How to Perform Population Validation

Do you perform appropriate population validation of the data you rely on in an audit?

Population validation is simply gaining confidence that the data you are using in your audit contains all the appropriate data for your audit objectives (e.g., your server list includes all the SOX servers).

For the difference between population validation and data validation, see Why You Must Validate Data.

So how do you do population validation? Let’s look at an example…

Just the SOX, Ma’am

For example, when you request and get a list of SOX servers, you can do the following:

  • Ask the subject matter expert (SME, a knowledgeable person who is providing the data) whether the list contains ALL of the SOX servers, and only the SOX servers. Often this person is from the IT department.

Make sure you ask him HOW he KNOWS the list is complete and accurate. His answer will indicate whether the data is appropriate or how well he knows his job, or both. His predecessor may have given him the list and pronounced it golden 2 years ago (I’ve heard that!). Or he might really know his stuff and be able to explain why the list is accurate.

  • Send the list to another supposedly knowledgeable person and ask her whether it appears complete and accurate (e.g., for SOX servers, a business analyst on the finance team might be able to verify them, or a security analyst). Make sure to ask her why she gave you the answer they did (always ask that Q). Also ask her if she knows of another source/document you can compare the list to.

It helps to play one SME off another. Tell the second SME, “Bob said that he thought this list was complete (or incomplete) because of X. Does that make sense to you?”

  • Compare the list the SME gives you to a list published on the intranet (if the source is the same as the one the SME used, that’s no help).
  • Scan the network yourself (usually auditors shouldn’t do this as it may appear as ‘hacking’). Usually an automated inventory tool (e.g., Tivoli) does this on a regular basis and creates reports, or someone on the security, network, or server team can do a quick scan. Find that person and have them run the scan.
  • Compare it to a list used previously in an audit (within the last 12 months).
  • Ping all the servers in the new list you received to ensure that they are all valid. A good, free, easy-to-use tool for this is Fast Resolver.

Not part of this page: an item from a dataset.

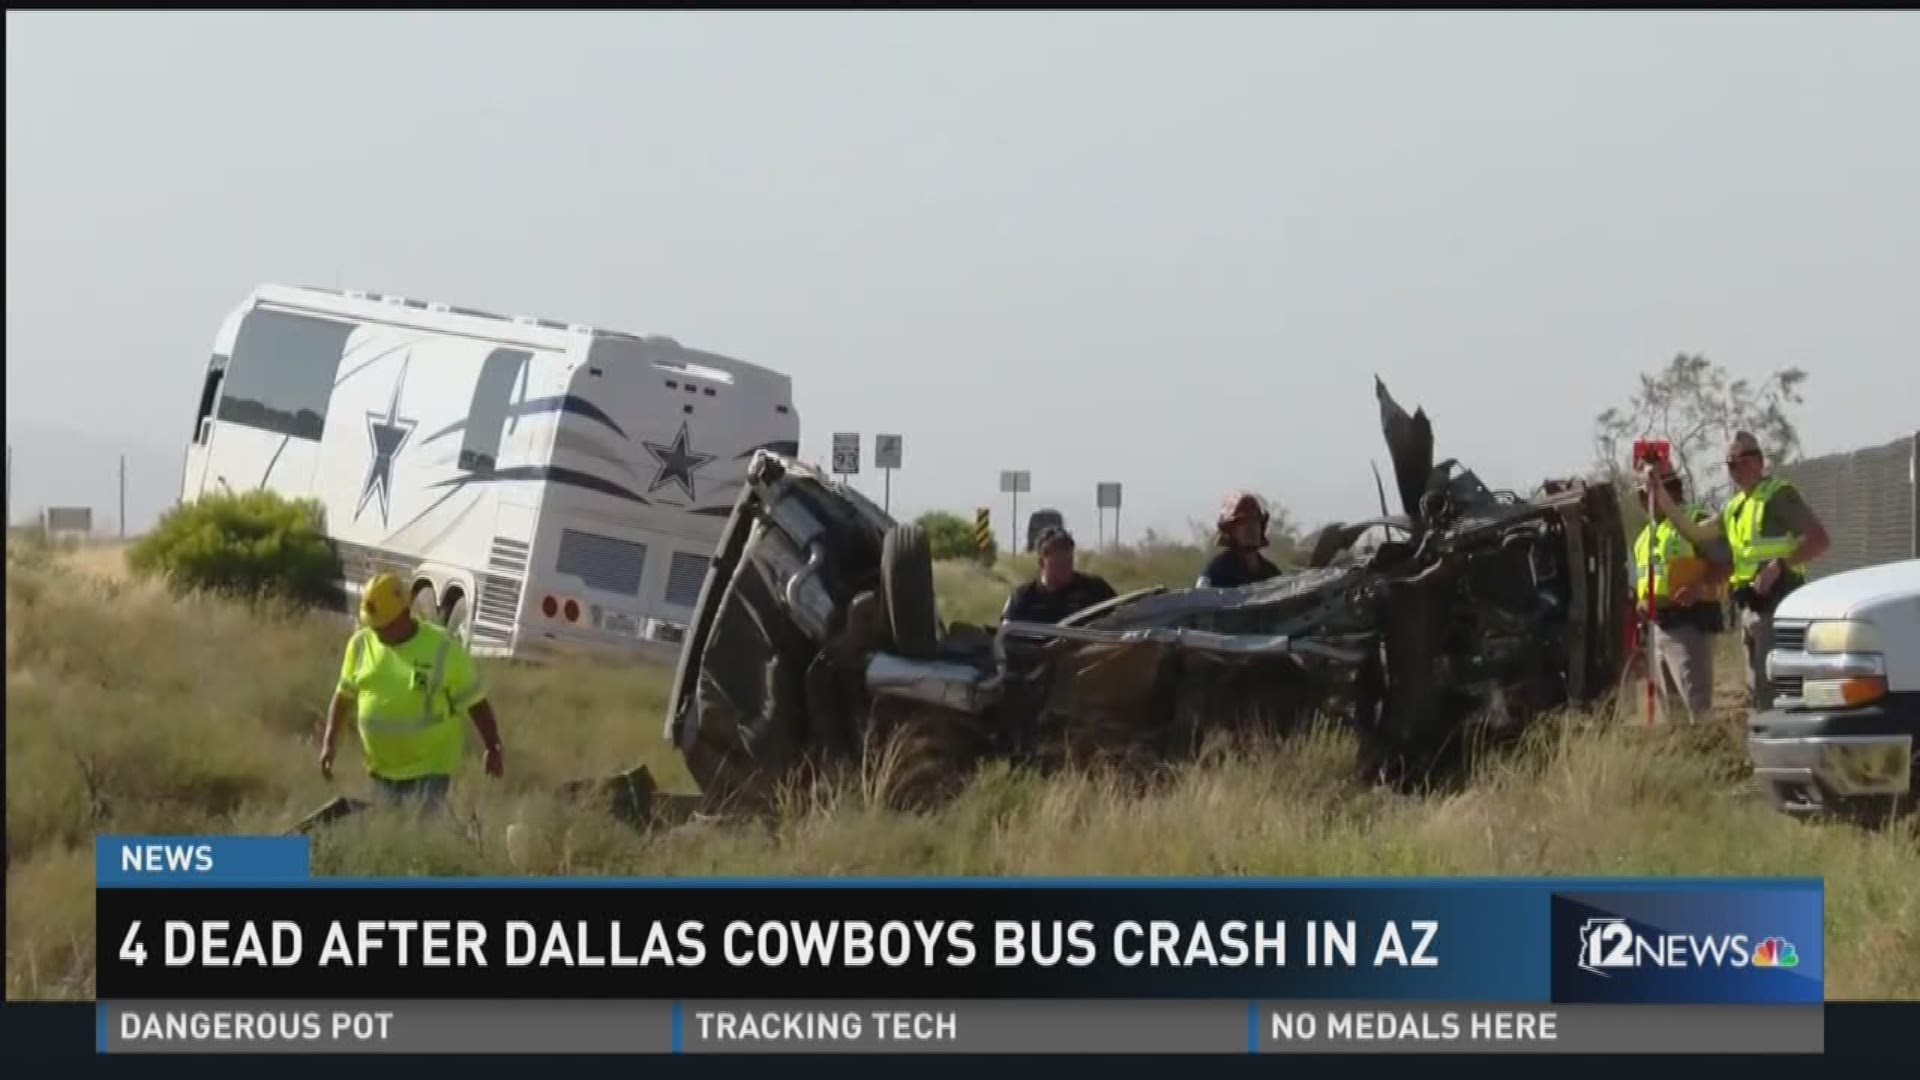 DPS investigators say a van was turning left into traffic when it collided with a Dallas Cowboys bus.

Keep in mind that population validation does not always require exact and perfect confirmation (that would be nice). Usually, gaining reasonable comfort is enough. For example, a list of servers used in the last audit may have changed a bit, but if a high majority of the servers are the same in your new list, you can take some comfort from that, especially if that’s all the validation that is available.

Also, you have to consider the risk level of what you’re auditing. A high-risk audit requires a much higher level of comfort. The question is, how much time and effort is required to validate the list, and is that appropriate based on this particular audit and the risks involved (ok, that’s 2 questions).

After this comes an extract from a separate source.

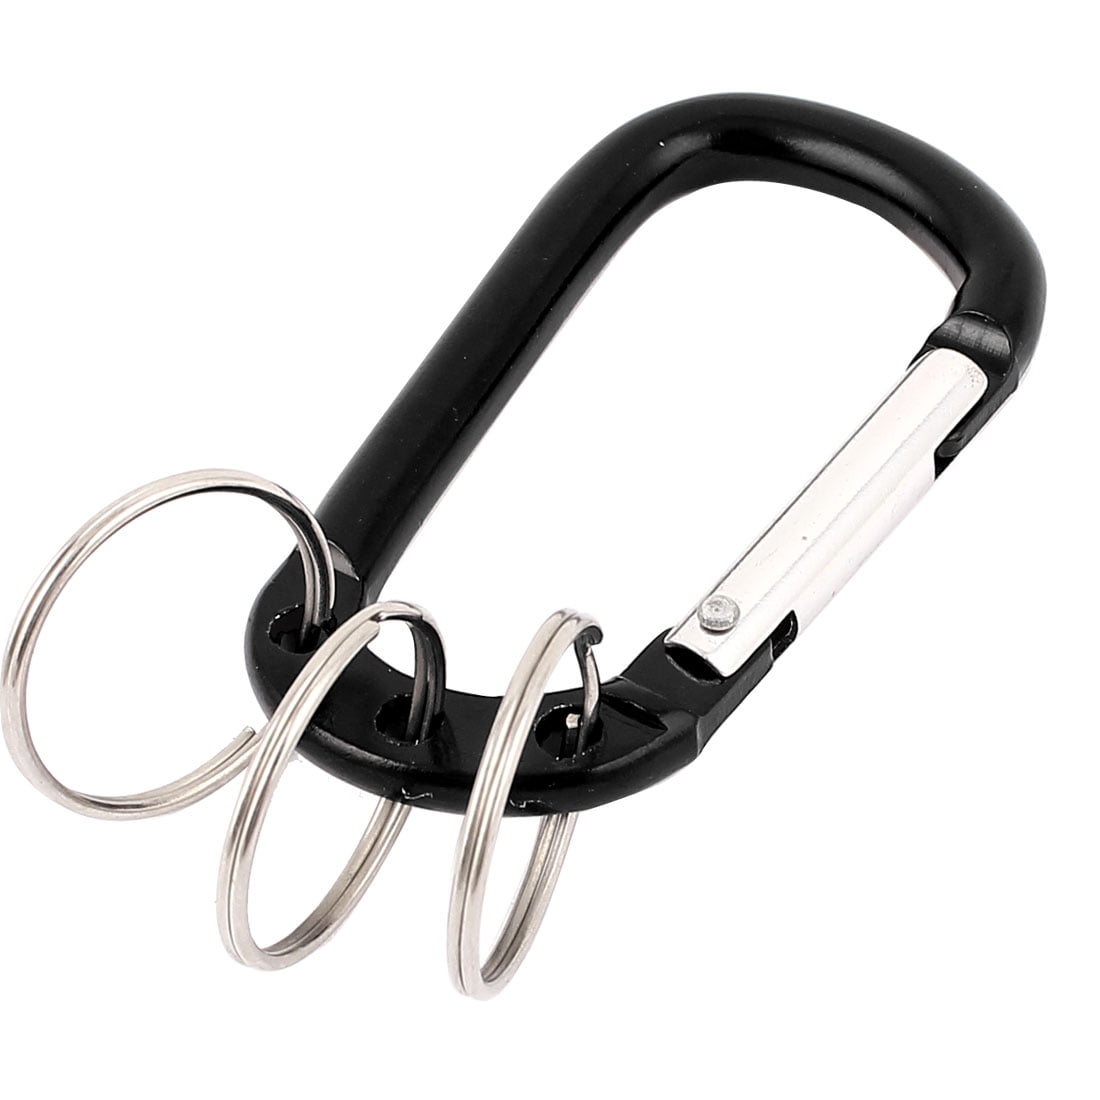 1 X Stainless Steel Key Chain Clip Hook Buckle Keychain Ring Climbing Carabiner

Having said that, I’ve often found that exploring the differences between this year’s list and last year’s list is often where the issues are identified. I always explore the differences as much as I can given the risk level, what my spider sense is telling me, and the time available during the audit. If you sense some real issues, you might want to request more time for the audit.

Watch and Learn

In my experience, most audit departments request data and then receive it via email. Fast and helpful. But how accurate and dependable is it?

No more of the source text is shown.